9) WebRTC Quality Metrics
To better understand the performance of real-time communication, we can calculate network quality parameters such as:
- Bandwidth (Throughput): Amount of data transferred per second.
- RTT (Round Trip Time): Time for a packet to travel from sender to receiver and back.
- Jitter: Variation in packet arrival times.
- Packet Loss: Percentage of packets lost during transmission.
Example Code (JavaScript)
You can calculate these metrics in the browser using WebRTC’s getStats()
API.
setInterval(async () => {
const stats = await peerConnection.getStats();
stats.forEach(report => {
if (report.type === "outbound-rtp" && report.kind === "video") {
console.log("Bitrate (kbps):", (report.bytesSent * 8) / 1000);
console.log("Packets Sent:", report.packetsSent);
}
if (report.type === "remote-inbound-rtp" && report.kind === "video") {
console.log("RTT (ms):", report.roundTripTime * 1000);
console.log("Jitter (ms):", report.jitter * 1000);
console.log("Packet Loss (%):",
((report.packetsLost / report.packetsReceived) * 100).toFixed(2));
}
});
}, 5000);
Explanation:
setInterval(..., 5000)
→ Runs every 5 seconds to fetch stats.peerConnection.getStats()

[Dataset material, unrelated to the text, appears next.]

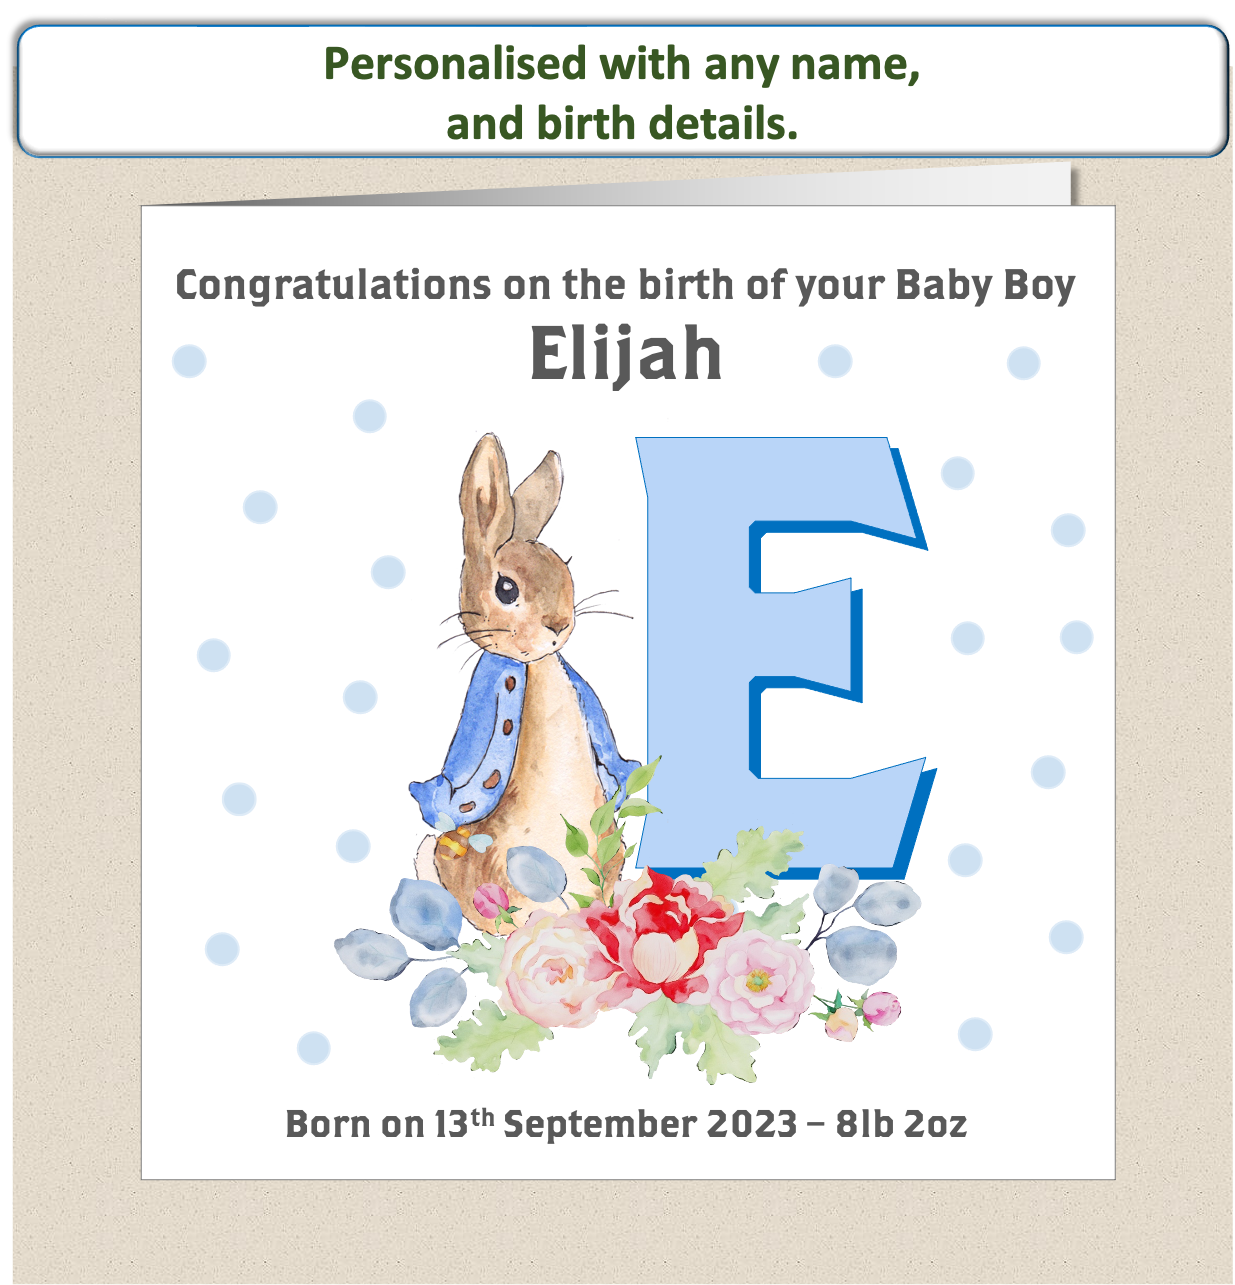 Personalised New Baby Arrival Congratulations Card - Peter Rabbit Blue
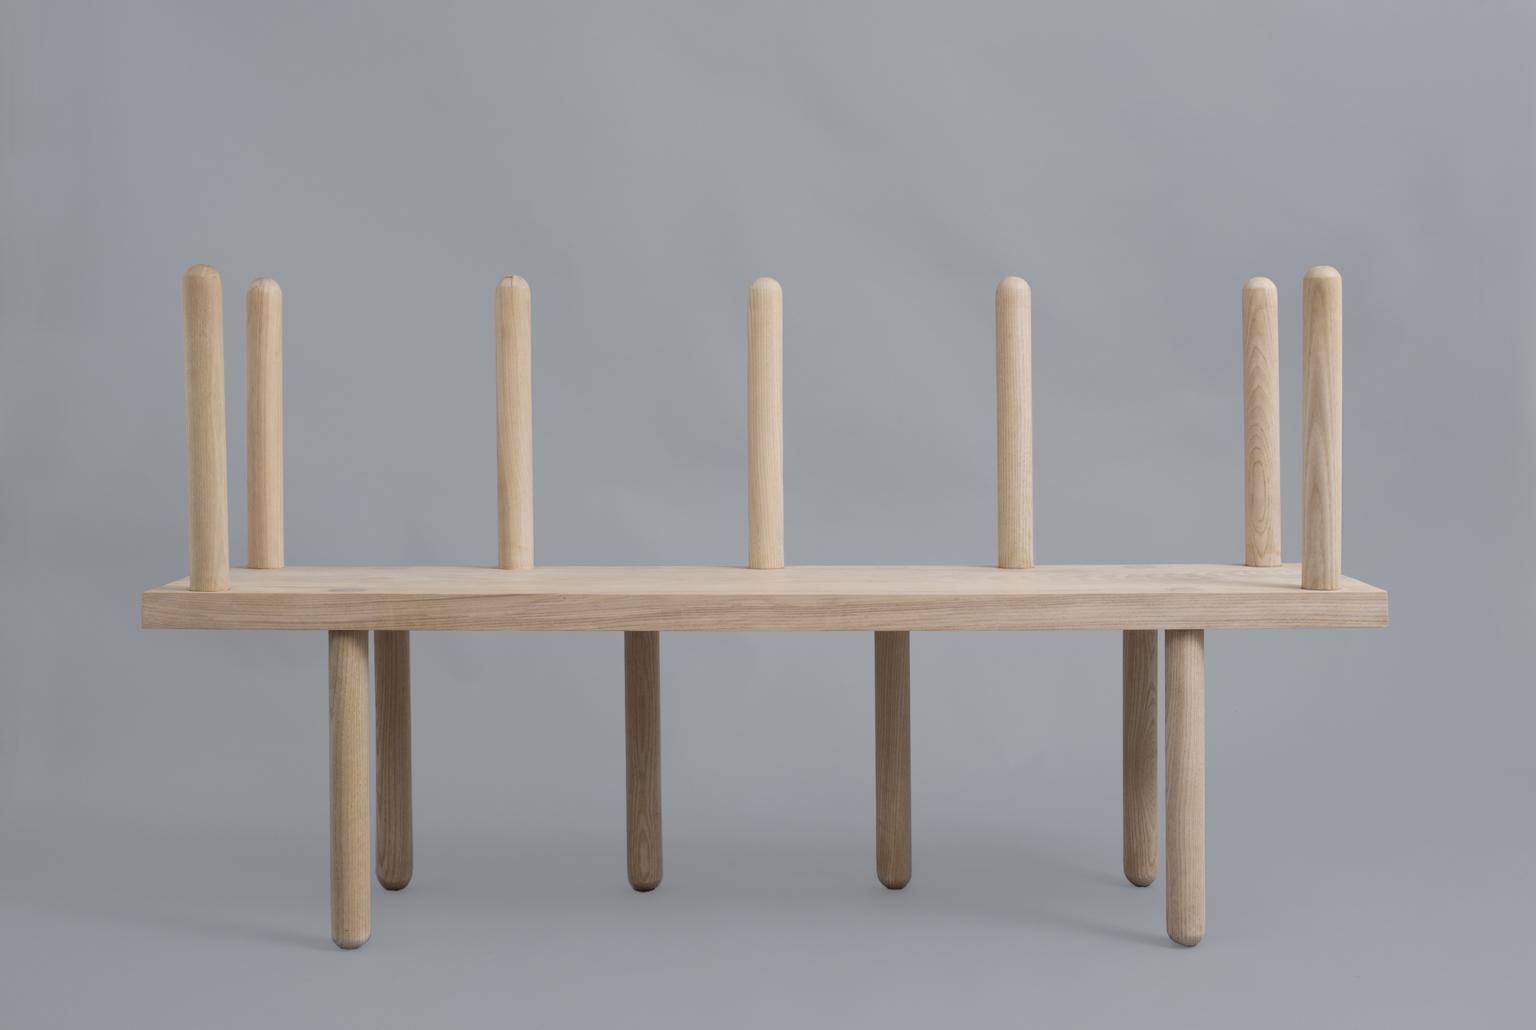 Object No 11 Bench Mos

→ Collects WebRTC connection statistics.outbound-rtp
→ Tracks outgoing media (bitrate, packets sent).remote-inbound-rtp
→ Tracks stats seen from the remote peer (RTT, jitter, packet loss).report.roundTripTime
→ Measures RTT.report.jitter
→ Measures jitter.report.packetsLost / report.packetsReceived
→ Calculates packet loss percentage.
What These Metrics Tell Us
- High RTT (>300 ms): Delay in conversation, users notice lag.
- High Jitter (>30 ms): Video/audio may stutter.
- Packet Loss (>2%): Video freezes, audio cuts out.
- Bandwidth: Helps adjust video resolution dynamically.